All it takes is development. In today’s mixed-use, local-business, neighborhood-pride philosophy of construction, the building comes first, and the tone of the block follows.
There are so many new buildings going up around Capitol Hill that it’s hard to keep track, and it seems that whole urban villages sprout out of nowhere. If the story behind one such development – the 19th Avenue East and East Mercer Street mixed-use building– is any indication, there’s more intention than miracle in the concept.
The 19th & Mercer building is a Blanton Turner property, coming from the same organization responsible for the Packard Building on 12th Avenue, among others. However, this new location stands out from their rest.
Residential
Capitol Hill’s 19th Avenue and much of the surrounding blocks are residential, mixing long-standing houses, older apartment buildings, and new constructions along the way. It’s a quiet neighborhood that has more in common with the likes of Madrona than the closer stretches of Capitol Hill proper.
15th Avenue, if the area east of Broadway was a tiny town, would become the main thoroughfare. All other roads would go to houses or schools.
The businesses living on the ground floor of the 19th & Mercer building seem aware of that. And yes, they’re totally in on the same plan. The way that Robin Wehl Martin, proprietor and head baker at Hello Robin, tells it, the lineup on the block was a mix of neighborly assistance and ambitious business savvy.
“It was all Molly,” Wehl Martin said, “She talked to the developer and said, ‘look, if you put a chiropractor’s office and a dry cleaners in here, it’s not gonna work.’”
A fresh minty legend
As the freshly minted legend goes, ice cream heroine Molly Moon and her husband, Zack, gathered a mix of up-and-comers and Capitol Hill mainstays to grab every retail space at 19th & Mercer.
Tallulah’s, the newest restaurant from Linda Derschang, took the East Mercer Street corner while Hello Robin moved in next-door, one step closer to East Republican Street, joined by a walk-up Molly Moon’s Ice Cream window ready for the spring and summer months. Between them, an honest-to-goodness general store, Cone and Steiner, also just opened its doors.

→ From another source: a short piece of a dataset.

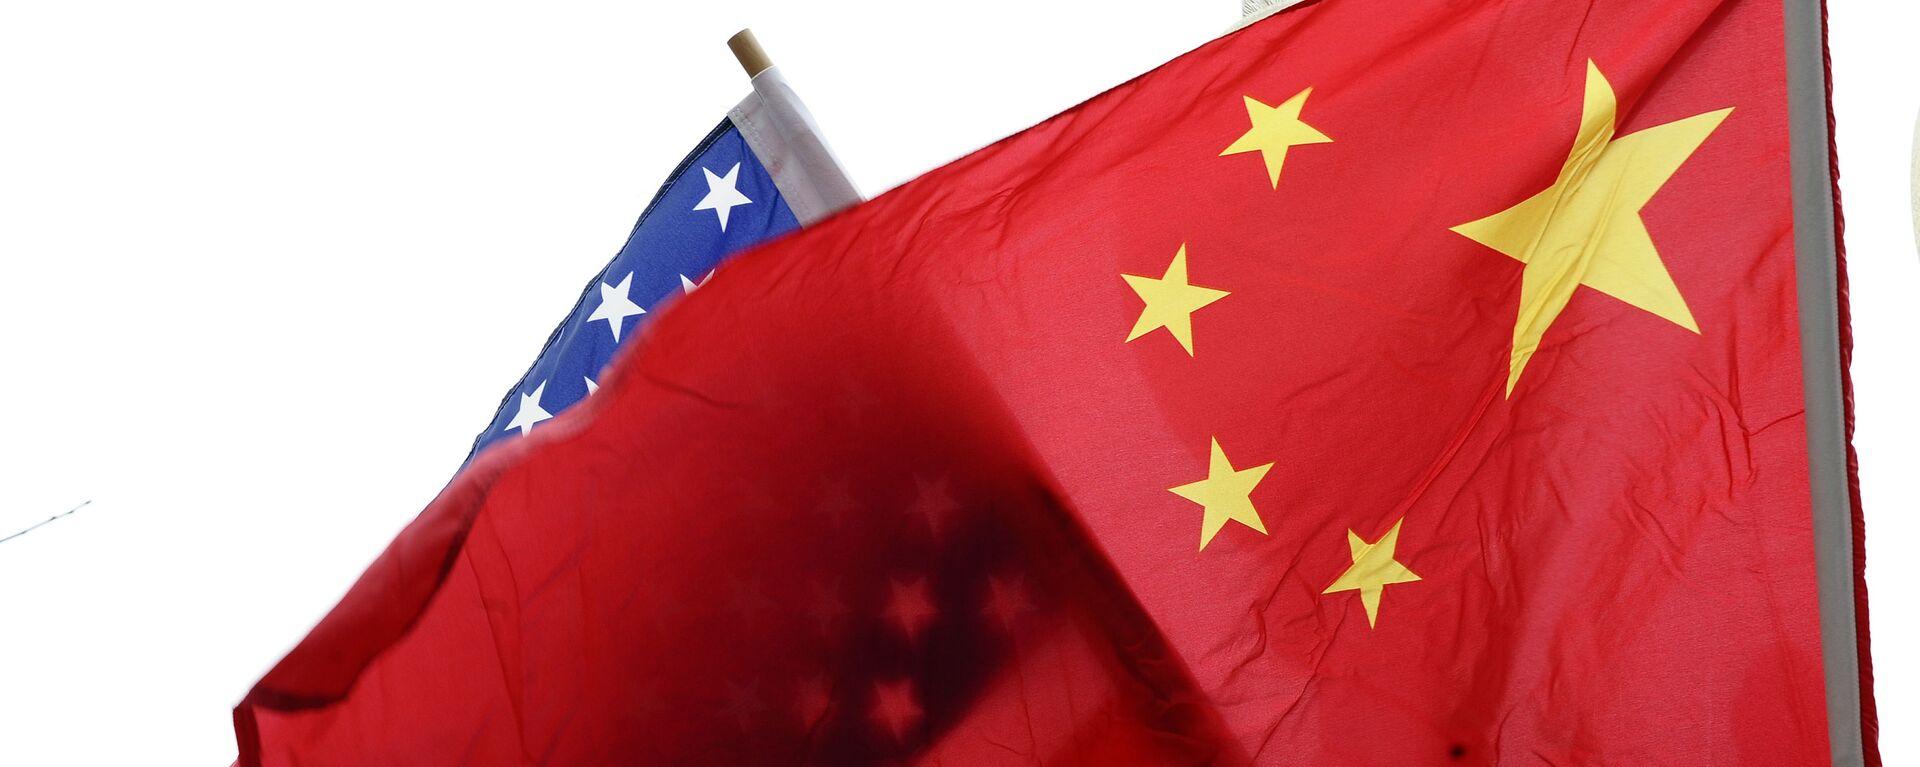 Флаги США и Китая, архивное фото - Sputnik Таджикистан, 1920, 26.05.2021

It’s a mixture of fiction and nostalgia that makes this new business block feel real. WehlMartin makes homemade cookies and then bakes them while she talks with people of all ages. Cone shares her hallway with Steiner and Wehl Martin, where everyone uses each other’s materials.
“I ran out of butter and grabbed some from the Cone and Steiner earlier this week. Before that, Tallulah’s had an egg emergency and I lent them a sack. That’s the kind of relationship we have around here,” Wehl Martin said, prepping habanero orange cookies on a Sunday afternoon. But it isn’t for the literal cup full of sugar. This kind of neighborly attitude was something many people grew up knowing about, but seldom seeing.
Luxury Costs
None of this would stand up if it all came at a luxury cost, but browsing the goods at Hello Robin and Cone and Steiner isn’t a cause for sticker shock. For a half- and full-dozen cookies, the former will charge a penny and change. Cone and Steiner have organic goods that are more than those found in a corner shop. However, it is still cheaper than the traditional convenience store model which charges 50 percent for the same mass-market products available only three blocks away at QFC.
All of it is huge-N and big-S nice stuff. Hello Robin’s coconut curry cookies are a treat for grownups. It also includes a refined whole wheat cookie with sea salt and a habanero-orange cookie, which is meant to introduce children to the age-old pairing of chocolate chili. Cone and Steiner have a large selection of mustards on tap and fill up growlers. It’s all delivered in such a clean, friendly package that it feels like it should mean something.
“I’ve lived in this neighborhood for 15 years,” Wehl Martin said, shedding some light on the motive behind the block’s design, “I have three kids now. I couldn’t help but make [Hello Robin] family-friendly.”
Family-friendly and Capitol Hill don’t walk on the same side of the street as often as they could and, perhaps, should. The new stuff at 19th & Mercer makes a case for not moving away from the neighborhood when it’s time to settle down. This suggests that many people will spend their youth in Pike/Pine or Broadway, move on to Broadway when they are older, go down to Broadway at some point, then wander up 12th or 15th streets, where they can raise children.